> EXERCISE REQUIREMENTS: Exactly the lines from the one containing "JJsHouse Sheath/Column High" through the end of the listing below are required, restated word for word and without pictures.

> AVAILABLE DATA:
══════
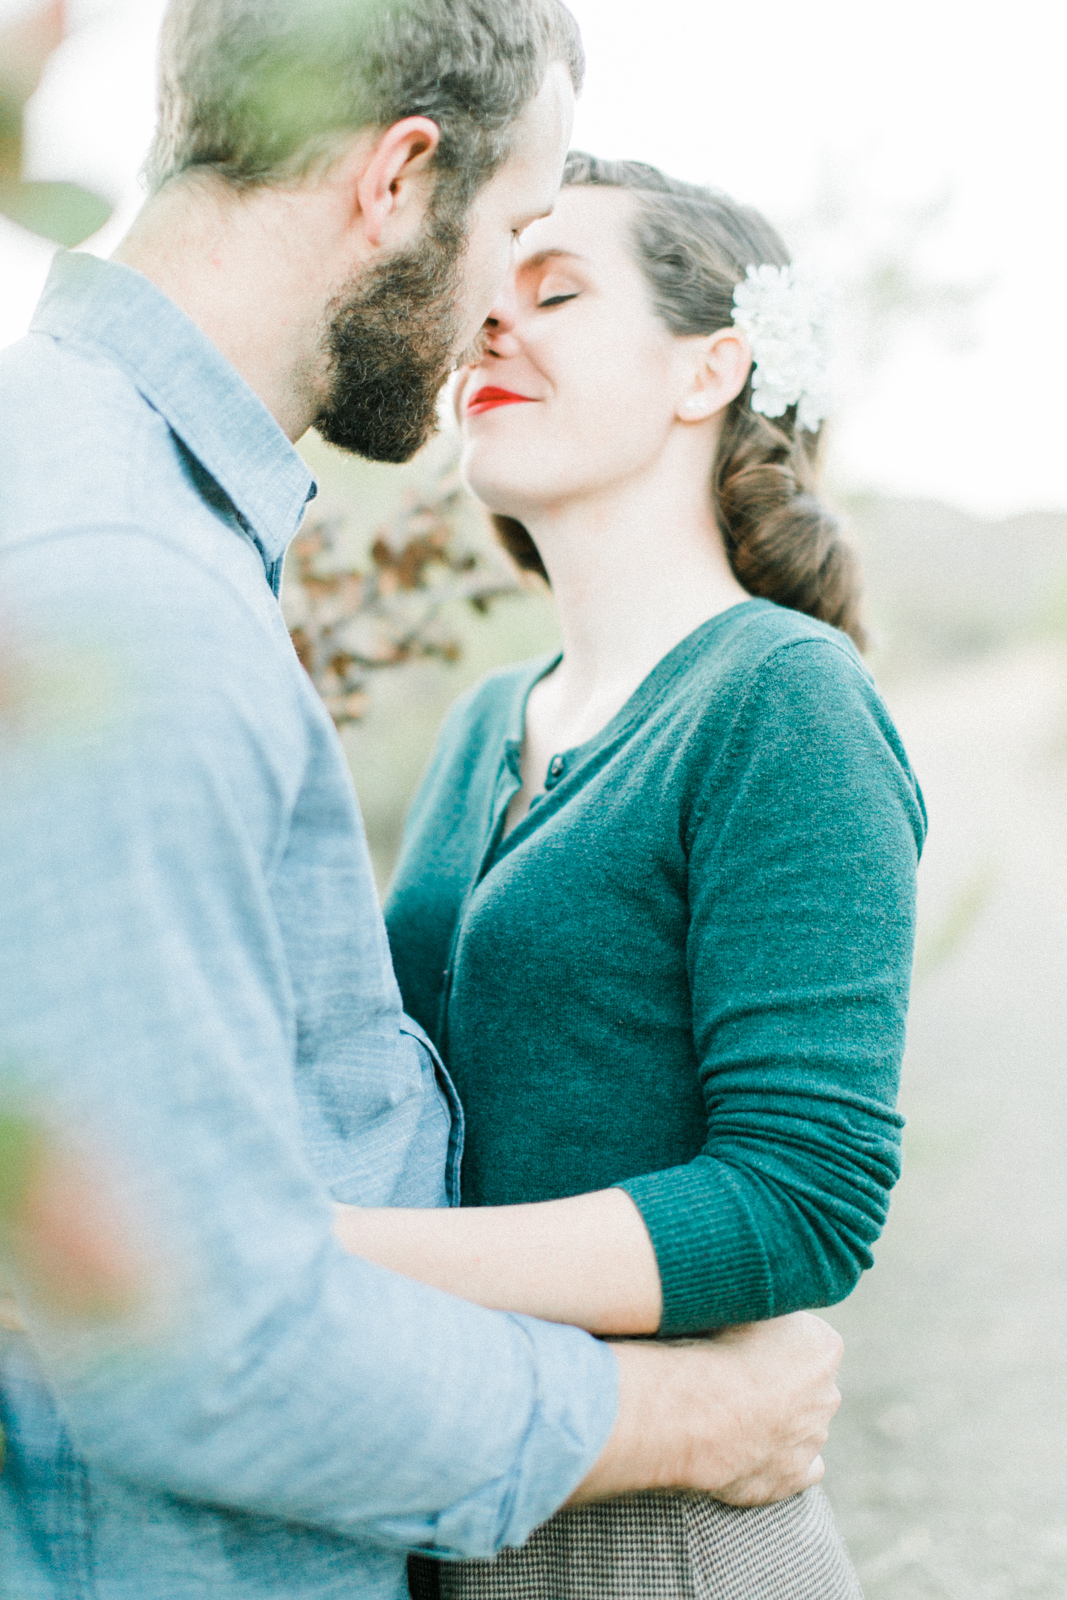 boise-idaho-wedding-elopement-photographer-2688.jpg
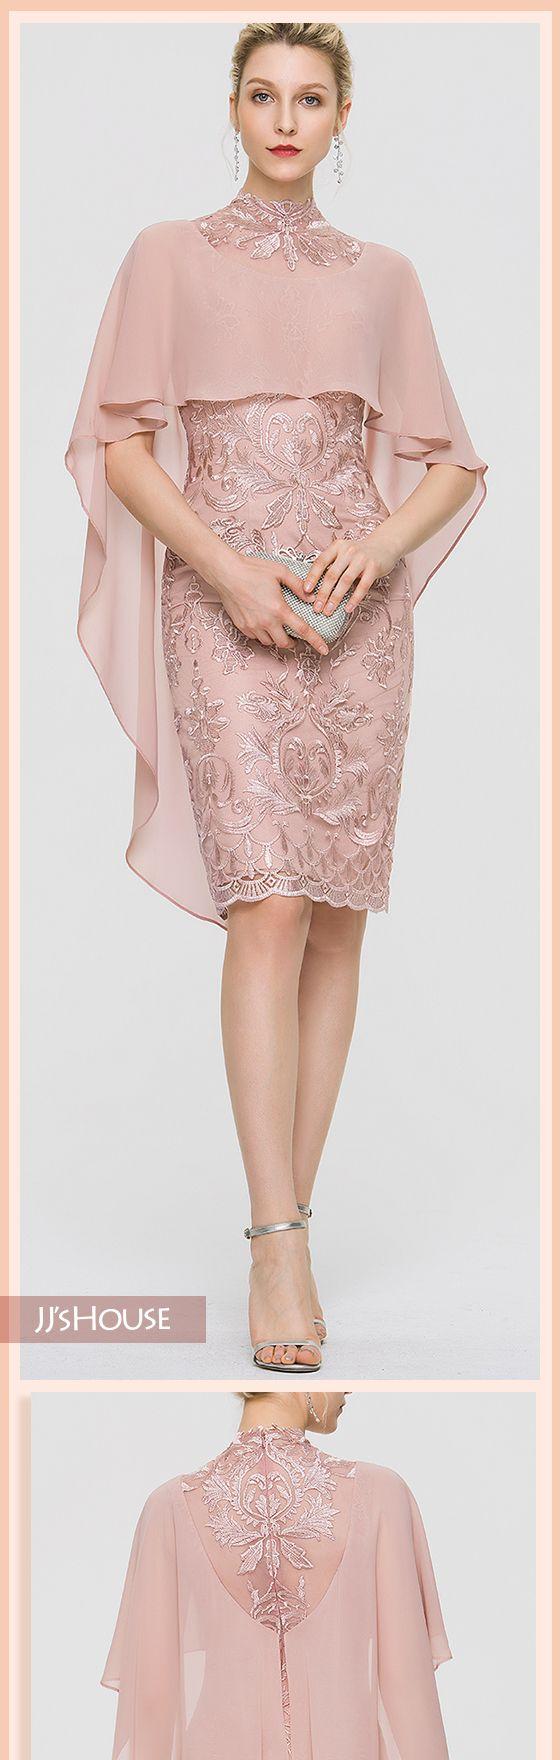 JJsHouse Sheath/Column High Neck Knee-Length Lace Cocktail Dress #cocktaildress
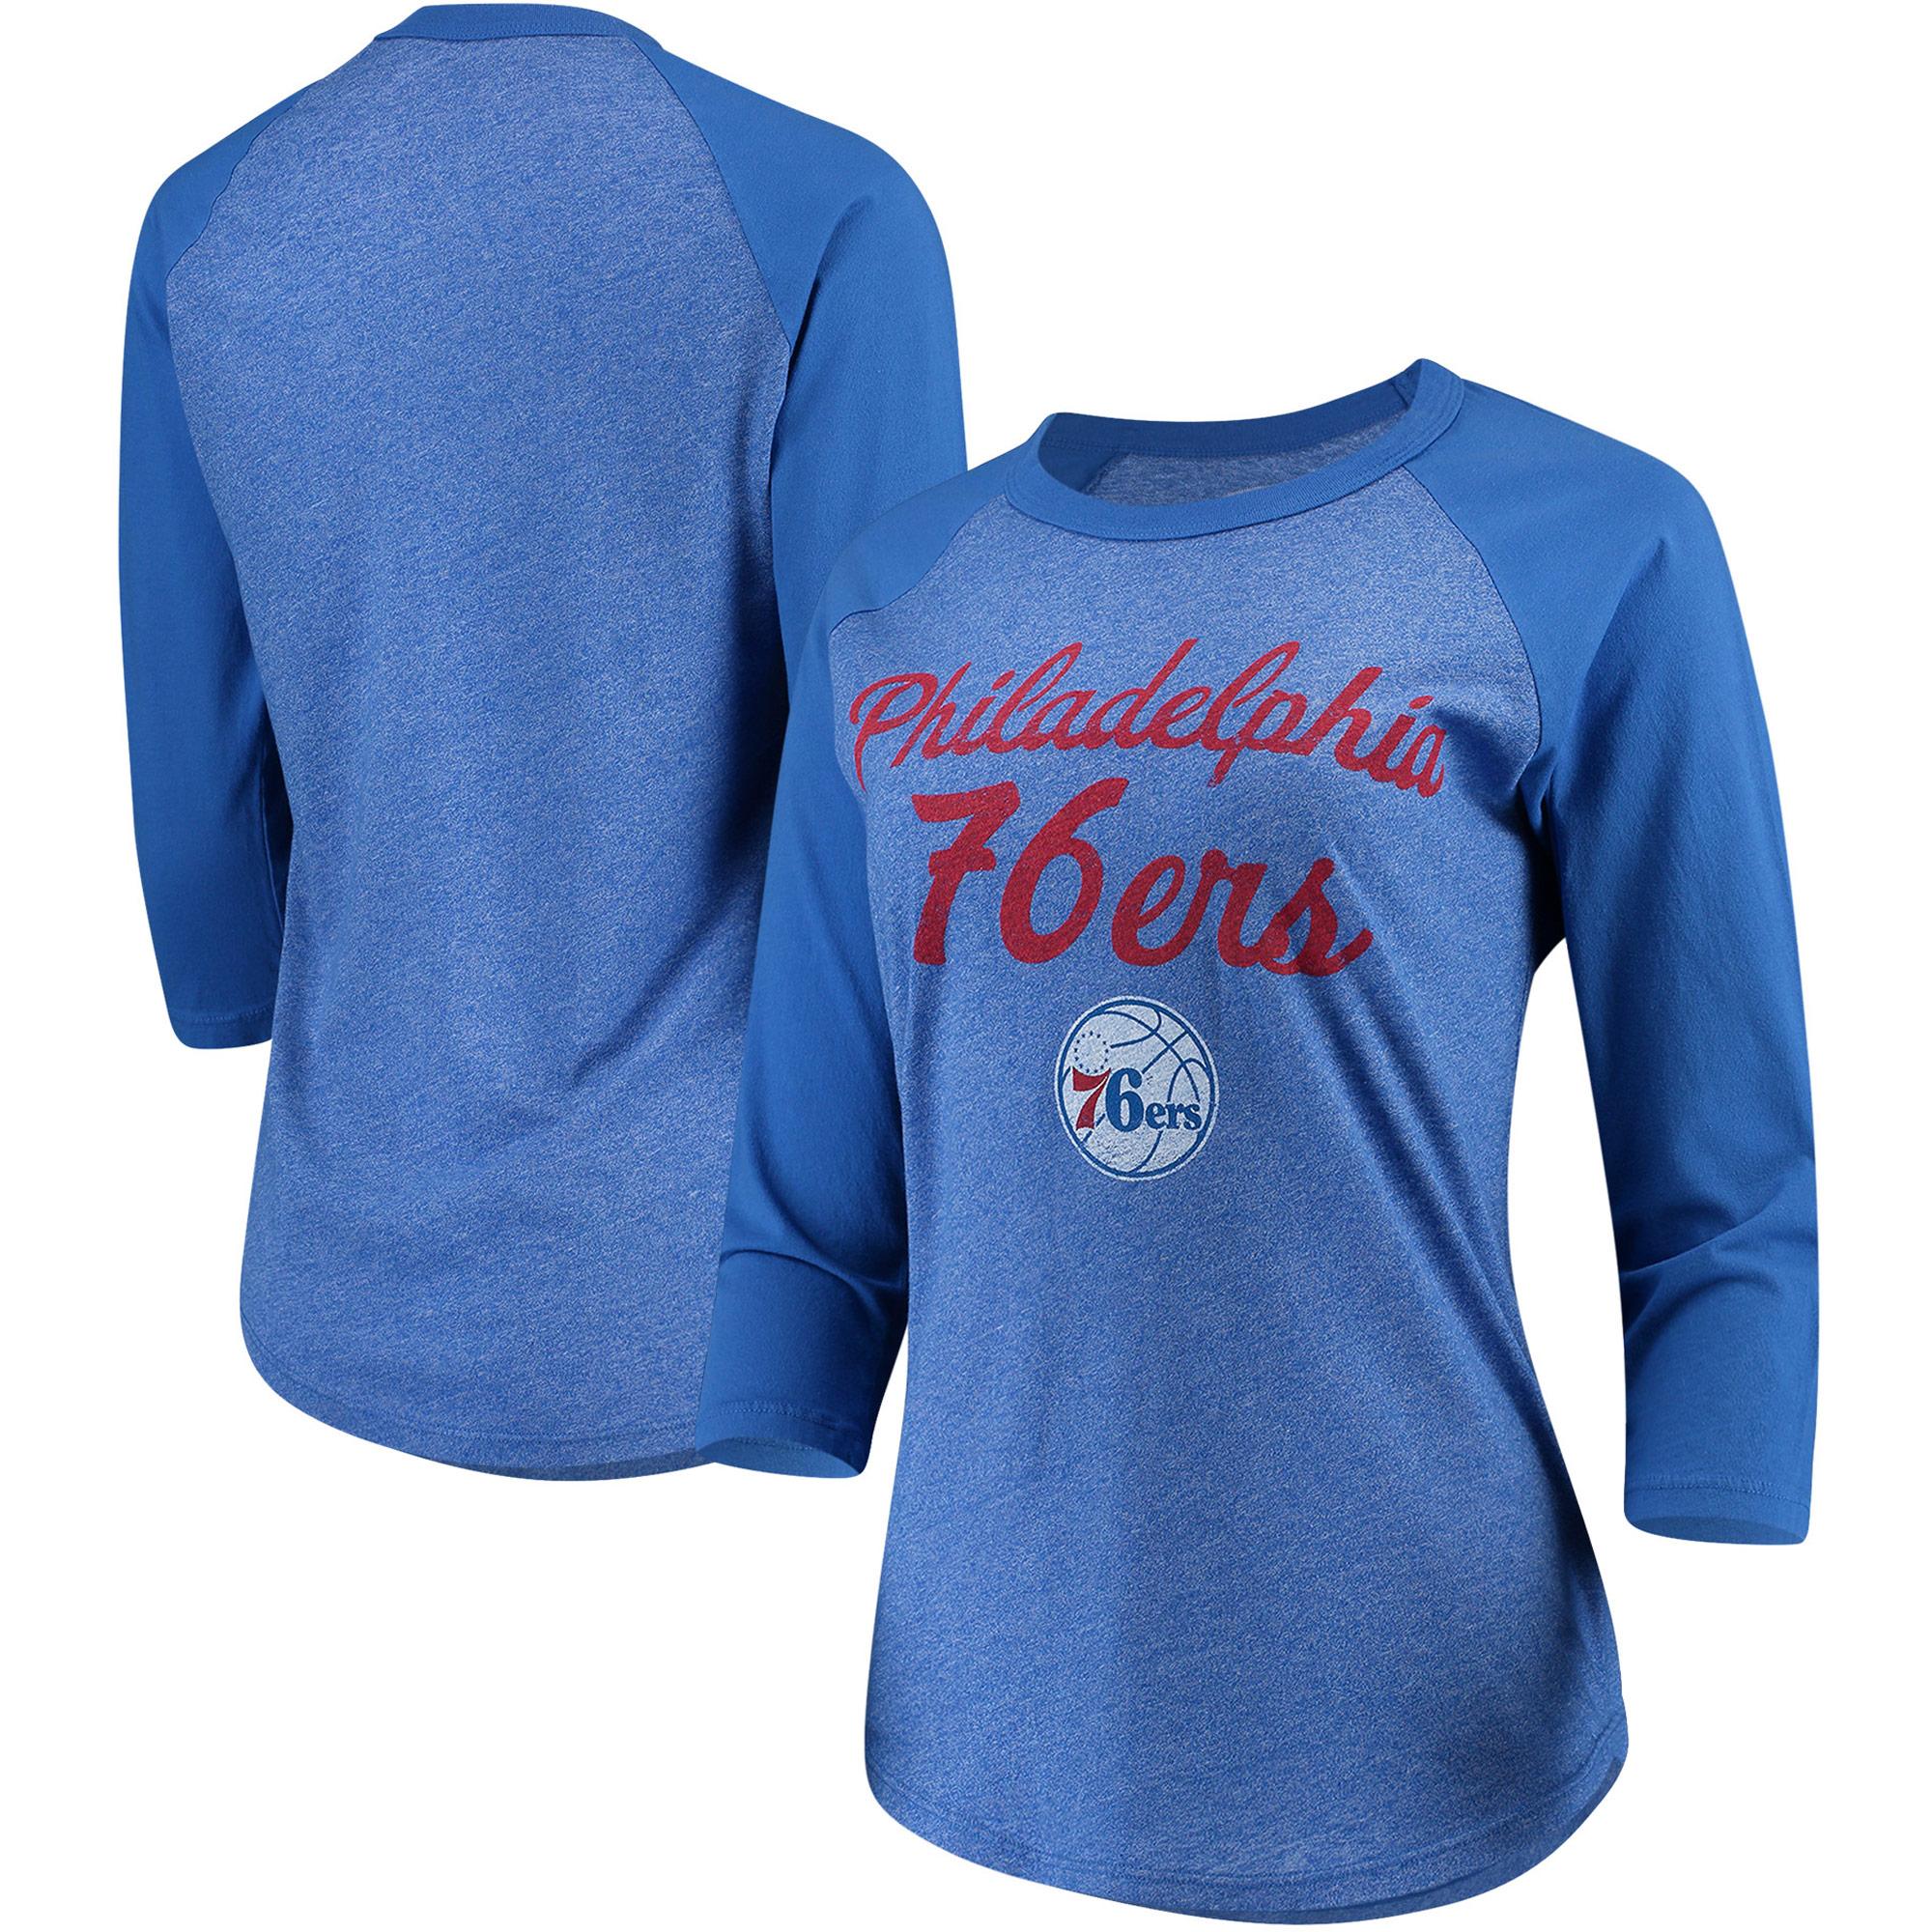 Philadelphia 76ers Majestic Threads Women's Double Dribble Raglan Tri-Blend 3/4-Sleeve T-Shirt - Heathered Royal/Royal
══════
> SOLUTION TO THE EXERCISE:
 JJsHouse Sheath/Column High Neck Knee-Length Lace Cocktail Dress #cocktaildress
 Philadelphia 76ers Majestic Threads Women's Double Dribble Raglan Tri-Blend 3/4-Sleeve T-Shirt - Heathered Royal/Royal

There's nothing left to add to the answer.